Treatment visits occurred weekly for the first 7 weeks, and subsequently for the administration of Gem. Laboratory tests were performed at regular intervals during treatment, usually coinciding with the administration of Gem. Adverse events were monitored continuously during treatment and for 4 weeks after the last drug administration. All adverse reactions were assessed according to National Cancer Institute Common Toxicity Criteria (version 2.0). Response evaluation was performed at the start of weeks 7, 17 and 25 and every 9 weeks thereafter until disease progression using contrast computed tomography scan; response was defined according to the Response Evaluation Criteria in Solid Tumours. Objective responses (complete or partial) were supposed to be confirmed after a minimum of 4 weeks.
Informed consent was obtained from all patients, and ethical committee approval was received by all participating centres. The trial was conducted in accordance with the Declaration of Helsinki and its subsequent amendments and according to good clinical practice guidelines.
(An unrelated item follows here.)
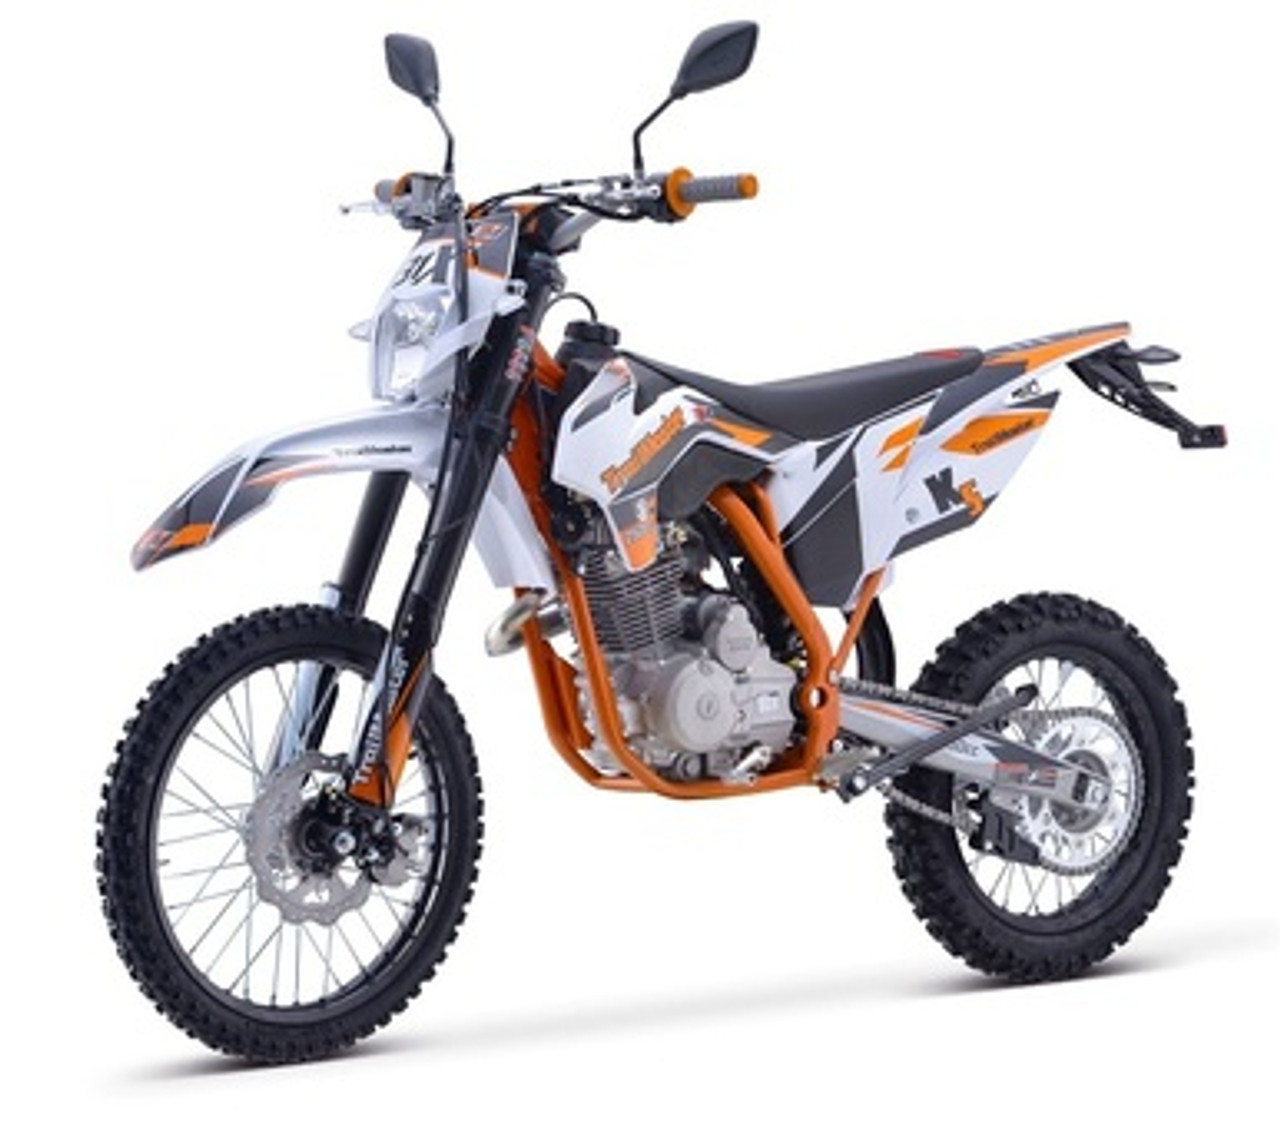 Buy New TrailMaster TM31X Deluxe Dirt Bike Available in Crate for sale at
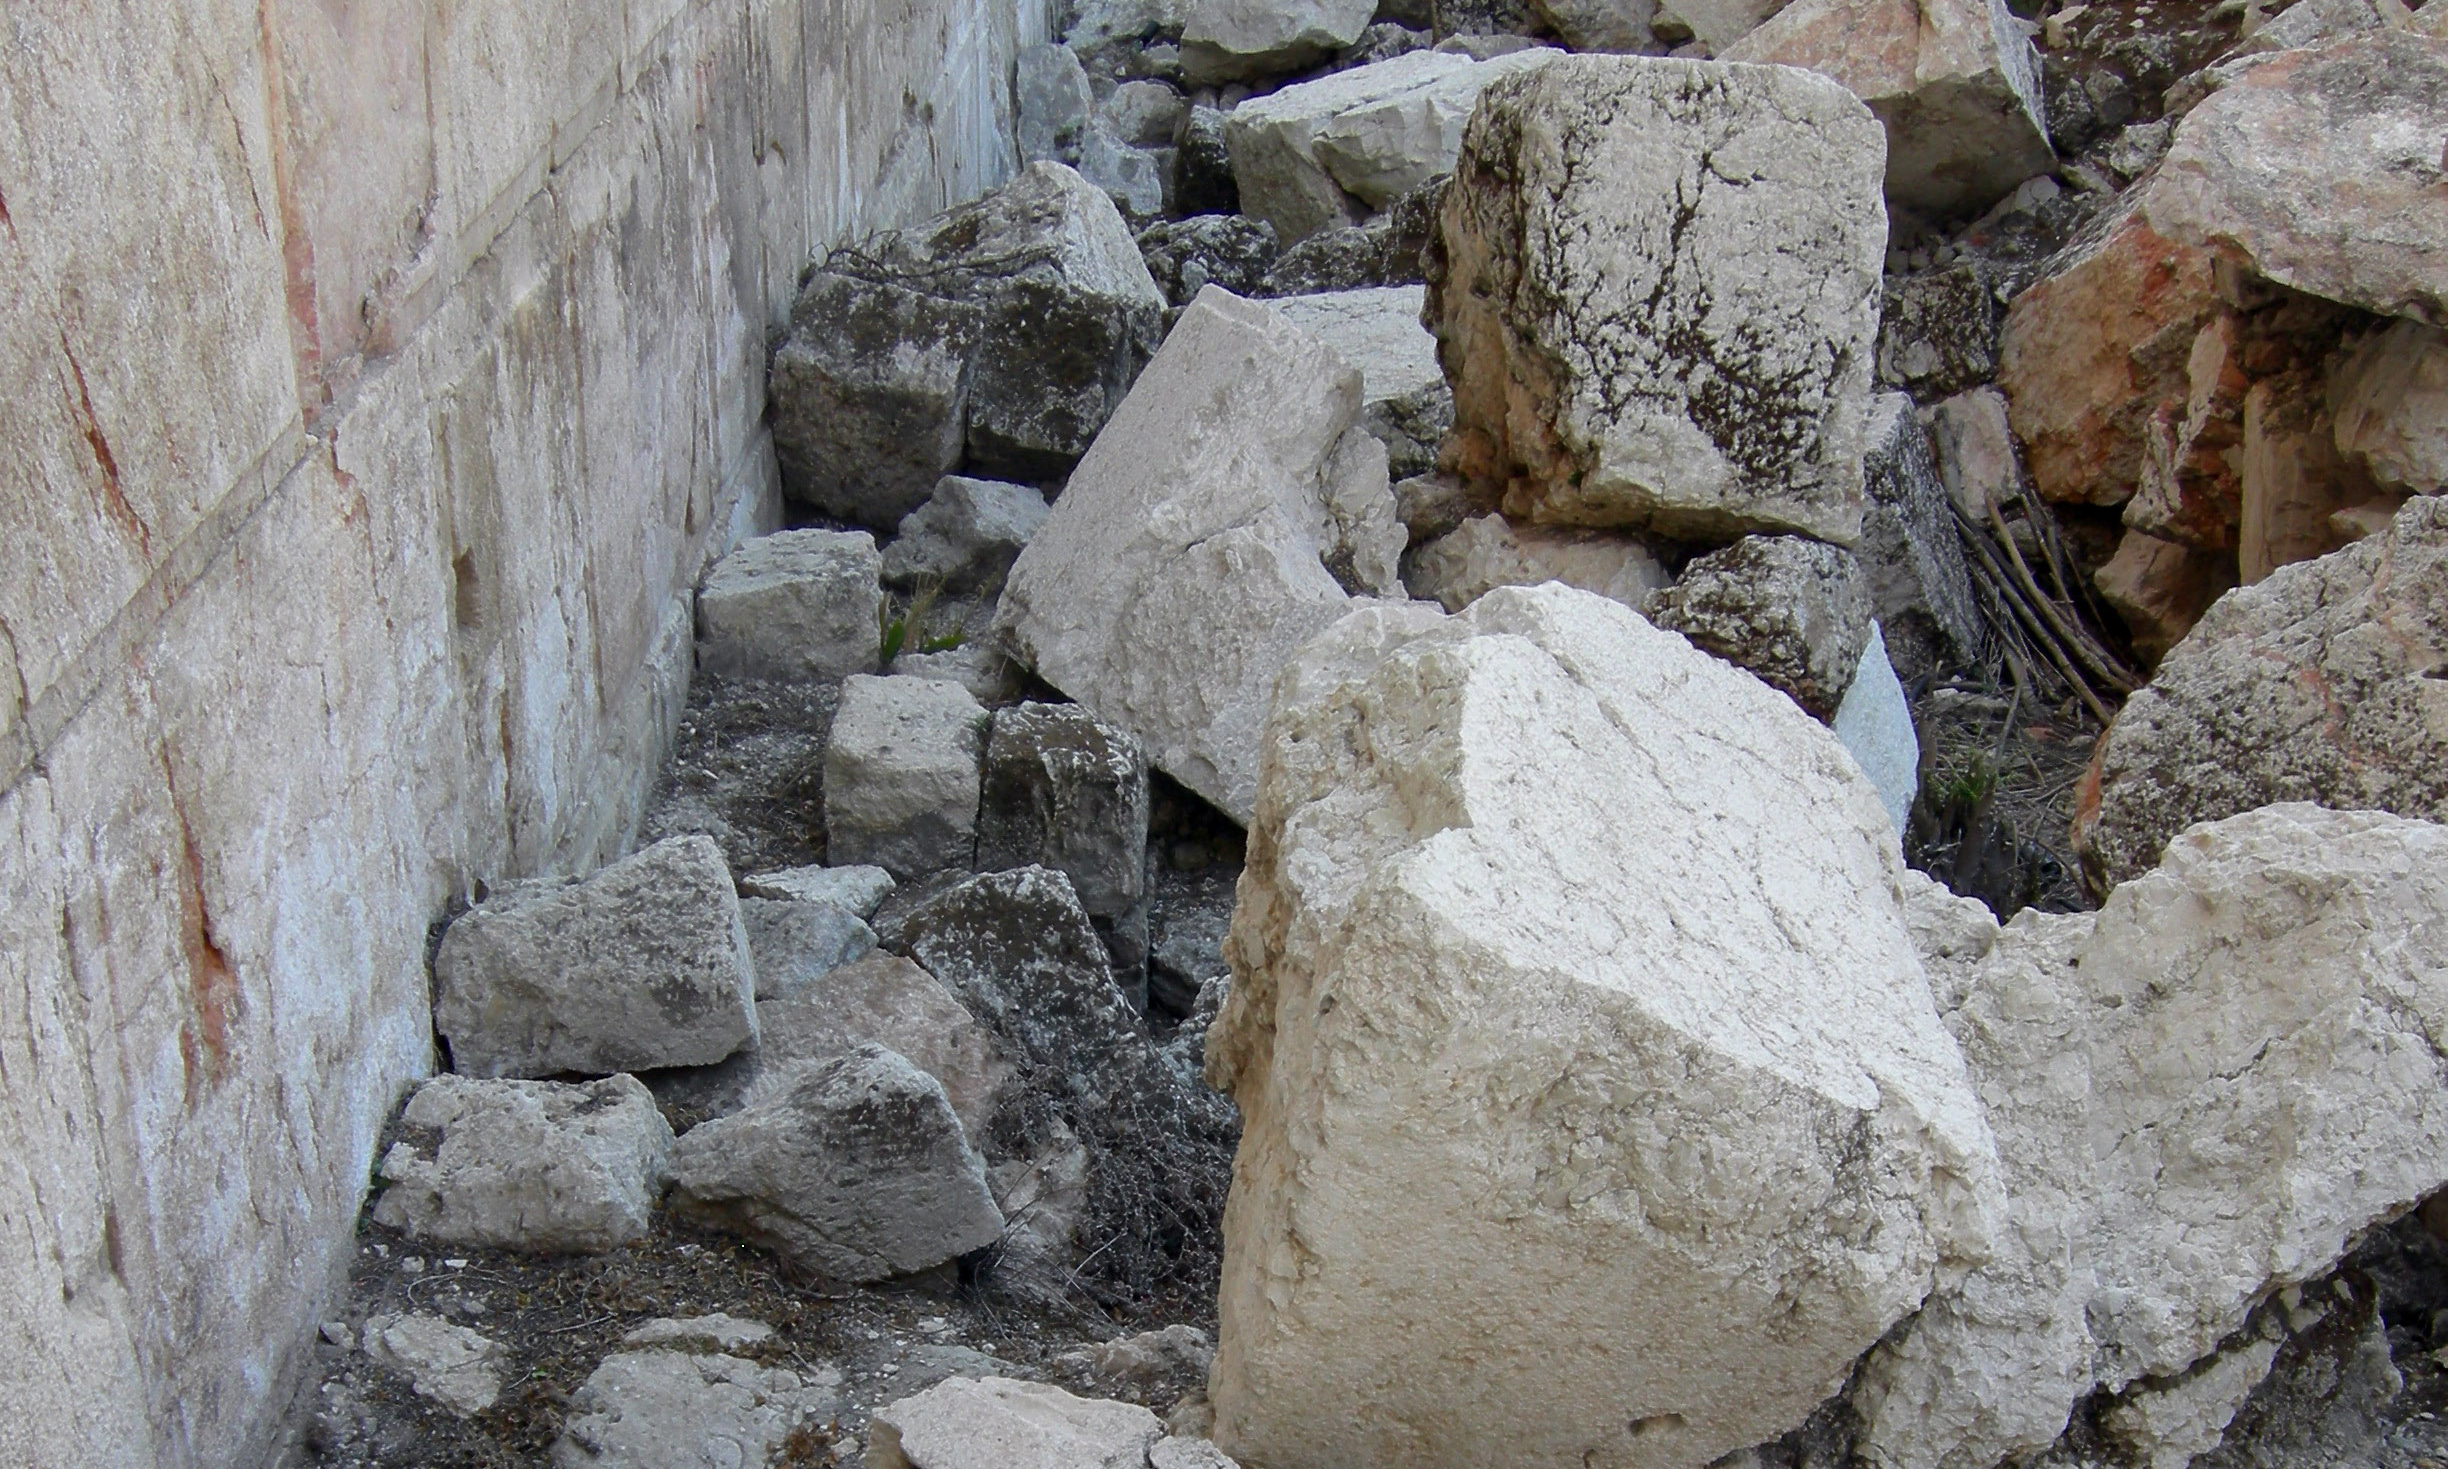 Excavated stones from the Wall of the 2nd Temple (Jerusalem)

The present study was a post-hoc analysis aimed at exploring predictors of mortality and chemotherapy-related toxicity in patients enrolled in this trial.
Statistical analysis
Patient characteristics assessed for prognostic significance were as follows: age, sex, KPS (60–80 versus 90–100), body mass index, disease status (locally advanced versus metastatic disease), presence of pain, Carbohydrate Antigen 19-9 (CA 19-9) level, liver and renal function (i.e. Aspartate transaminase (ASAT), Alanine transaminase (ALAT), bilirubin, creatinine clearance, protein levels), alkaline phosphatase (ALP), haematological parameters (i.e. haemoglobin, white blood cells [WBC]; neutrophils, platelets). The dNLR was calculated from peripheral blood counts as neutrophils divided by the difference of leucocytes and neutrophils.6 The NPS was calculated as follows: patients with a neutrophil count ⩽ 7.5 × 109/L and platelets ⩽ 400 × 109/L scored 0, patients with neutrophils > 7.5 × 109/L or platelets > 400 × 109/L scored 1, and patients with both neutrophils > 7.5 × 109/L and platelets > 400 × 109/L scored 2.7 All these parameters, including randomized treatment, were tested in univariate analyses and then multivariate analysis to identify the independent predictors of mortality and toxicity (grade 3 or 4 adverse events).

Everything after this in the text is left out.